6. Access record storage and falsification prevention
Records of access to the personal information processing system are stored and managed for a minimum of 6 months. Security functions are applied to ensure that access records are not falsified, stolen or lost.
7. Restricted access to personal information
Necessary actions are taken to control access to the personal information by implementing access right assignment, change or disposal to the DB that processes the personal information. Unauthorized access is prevented using an intrusion blocking system
8. Use of locking device for document security
Documents or storage media containing personal information are stored in a safe location with a lock device.
9. Controlled access by unauthorized persons
Physical storage containing personal information is separately made available so that entry/exit procedures can be established and applied.
13. Personal information viewing request
①An information subject can demand the following department to disclose their personal information to them according to Article 35 of the personal information protection act. The company will make the best efforts to make sure that the information subject’s personal information can be disclosed to them immediately.

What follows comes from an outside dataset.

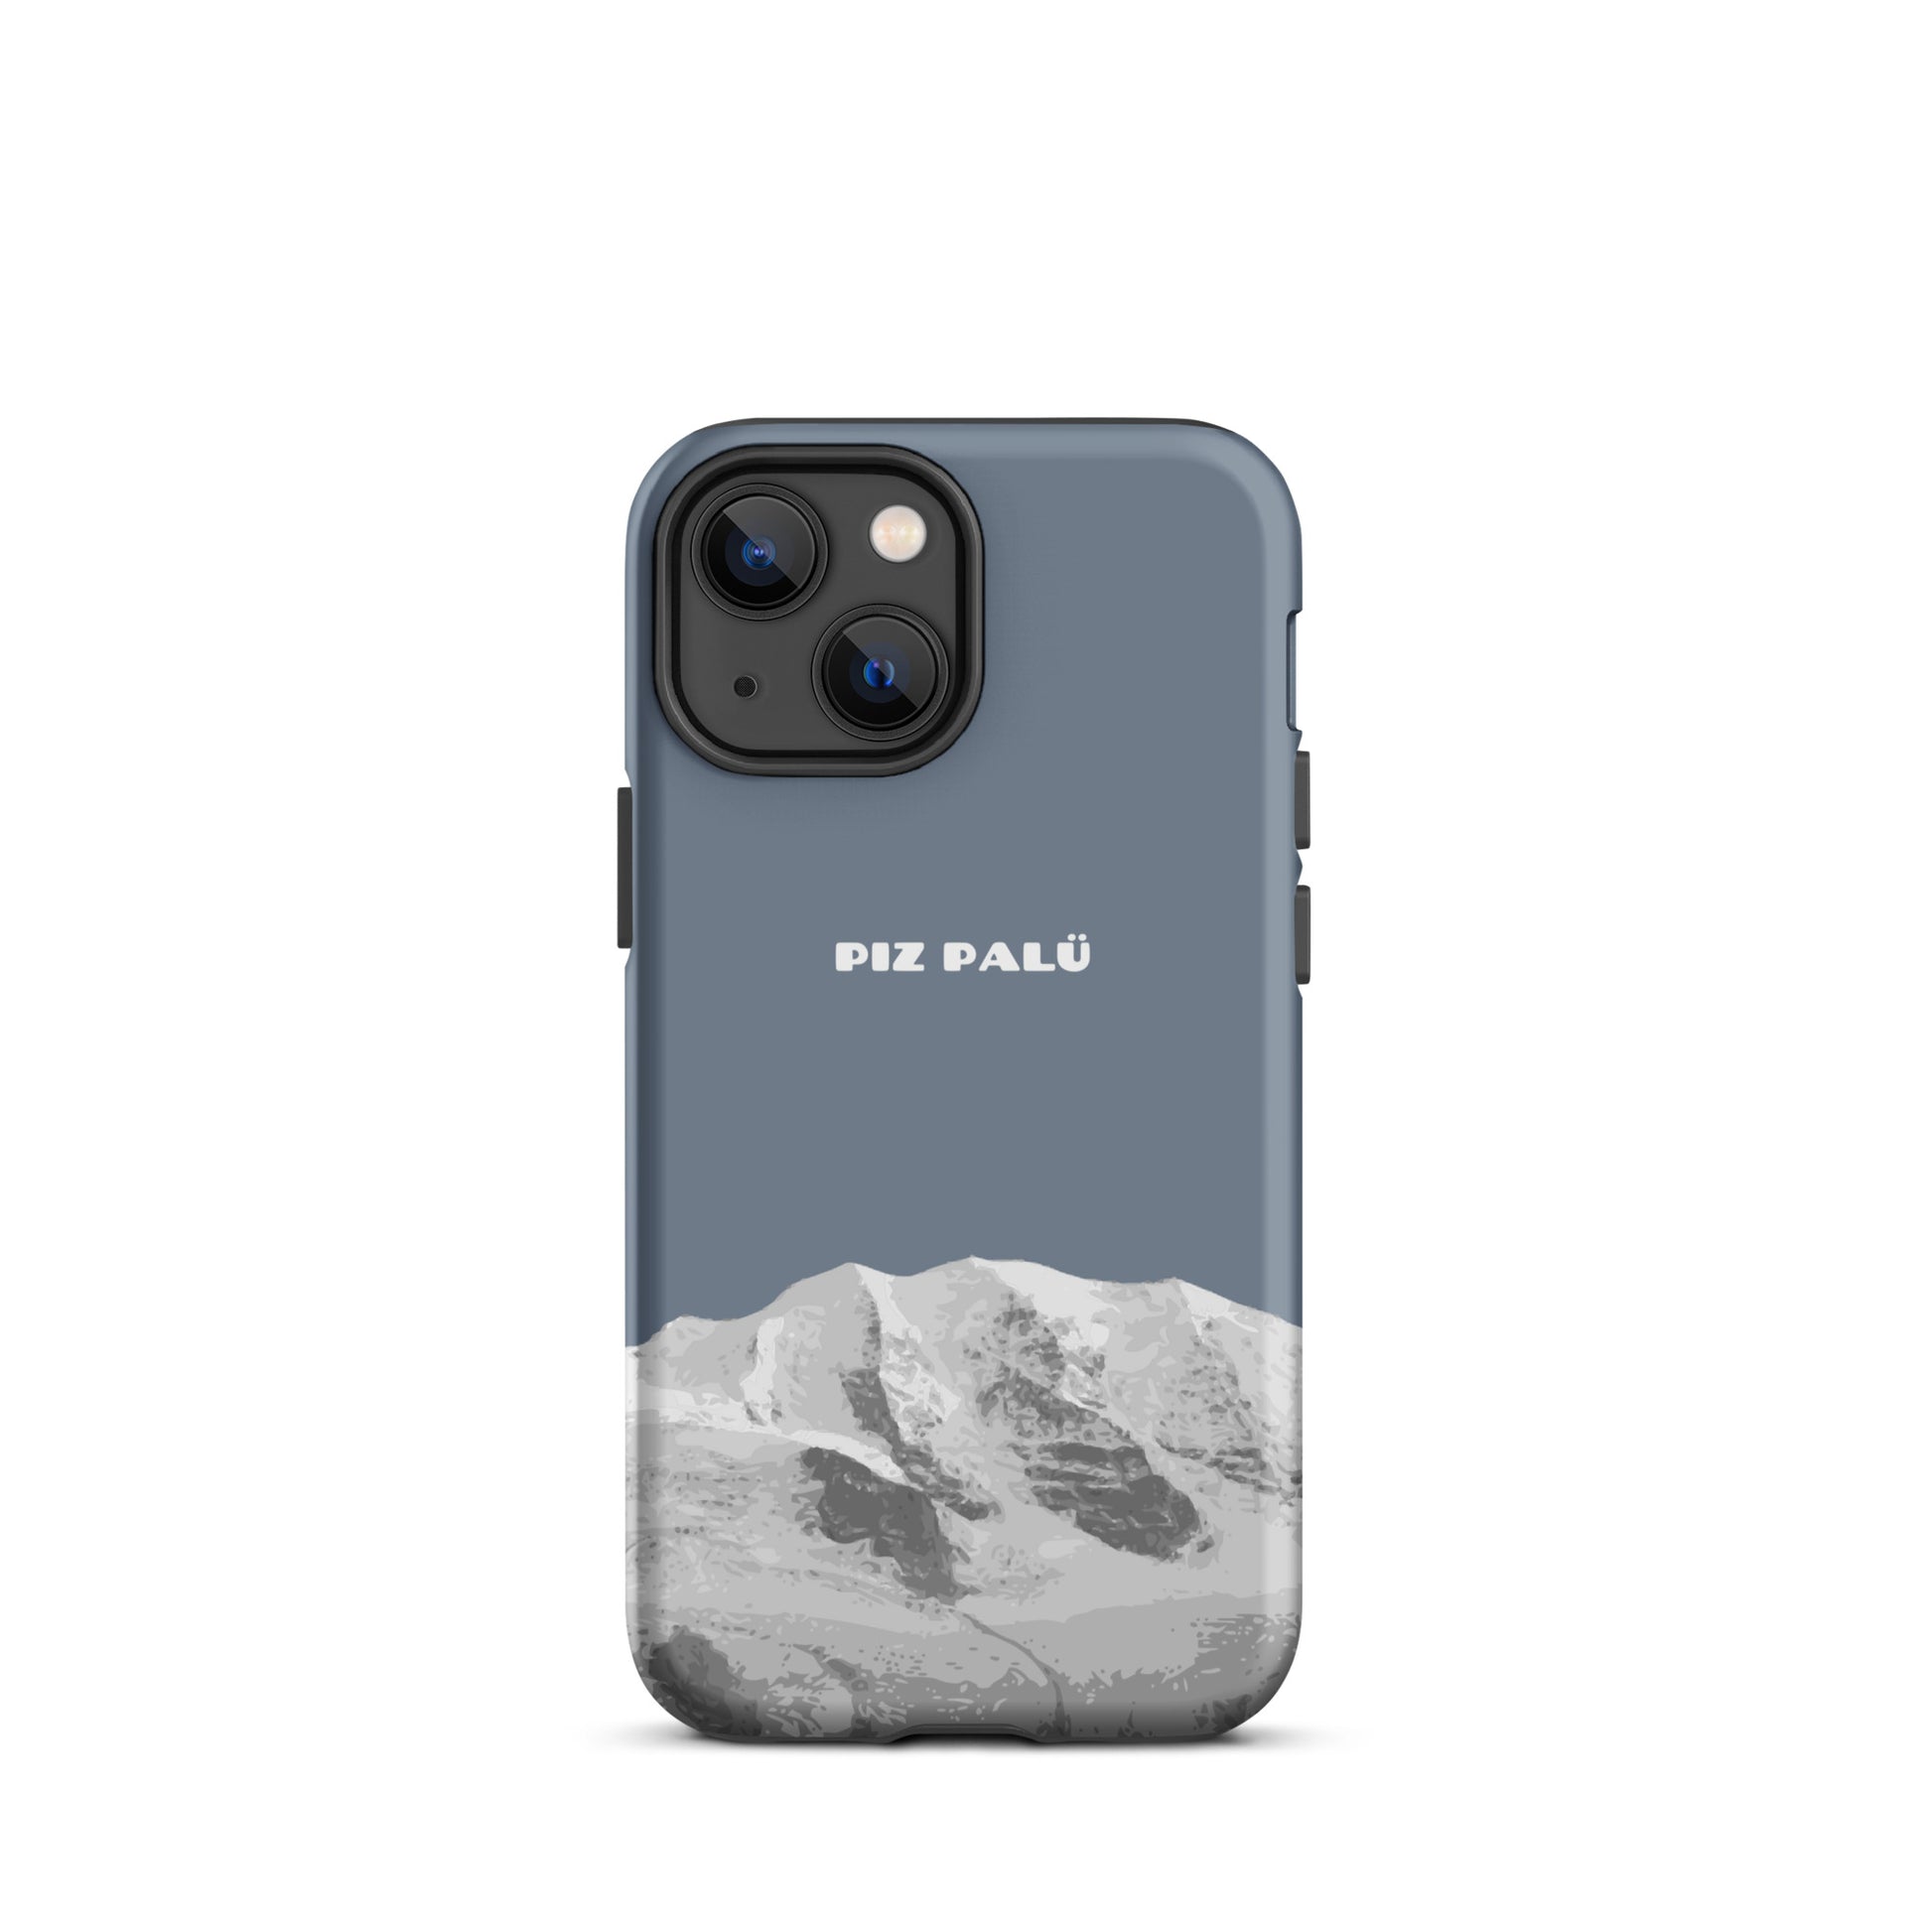 Hülle für das iPhone 13 Mini von Apple in der Farbe Schiefergrau, dass den Piz Palü in Graubünden zeigt.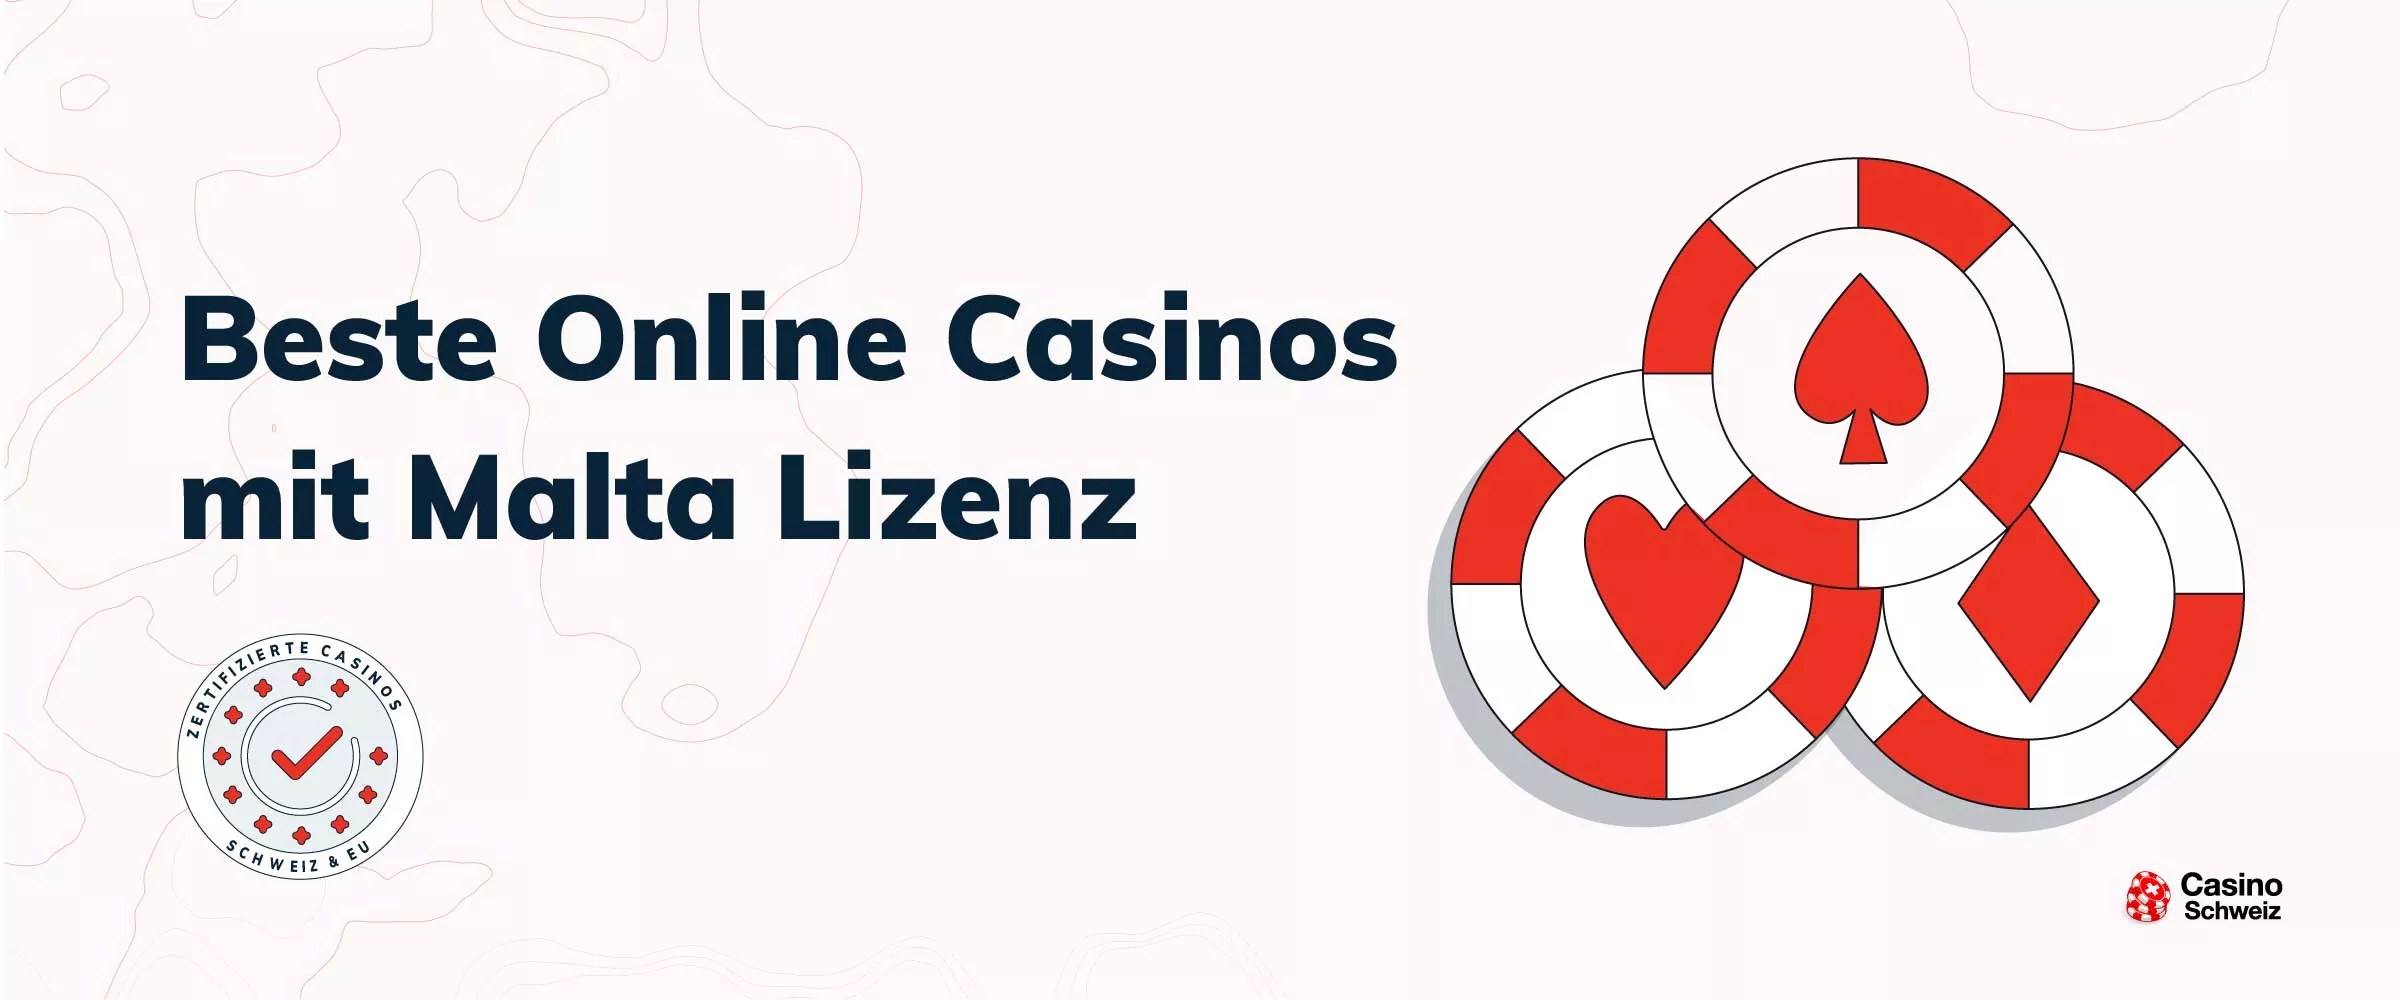 Ein überraschendes Tool, das Ihnen hilft seriöse Online Casinos für Österreich

▶Personal information viewing request handling/registering department
Name : Management support team
In charge : Assistant manager Seo Il Jun
Contact : 054-420-3032, Iljun_seo@advancedfiber.co.kr, 054-420-3096
②Other than the viewing request registering/handling department in 1), the information subject can use the personal information protection support website under the personal information protection committee(www.privacy.go.kr) to request the viewing of personal information.
▶Personal information protection support website under the personal information protection committee(www.privacy.go.kr) → Personal information civil appeals → Personal information viewing requests (self identification requires an iPin.)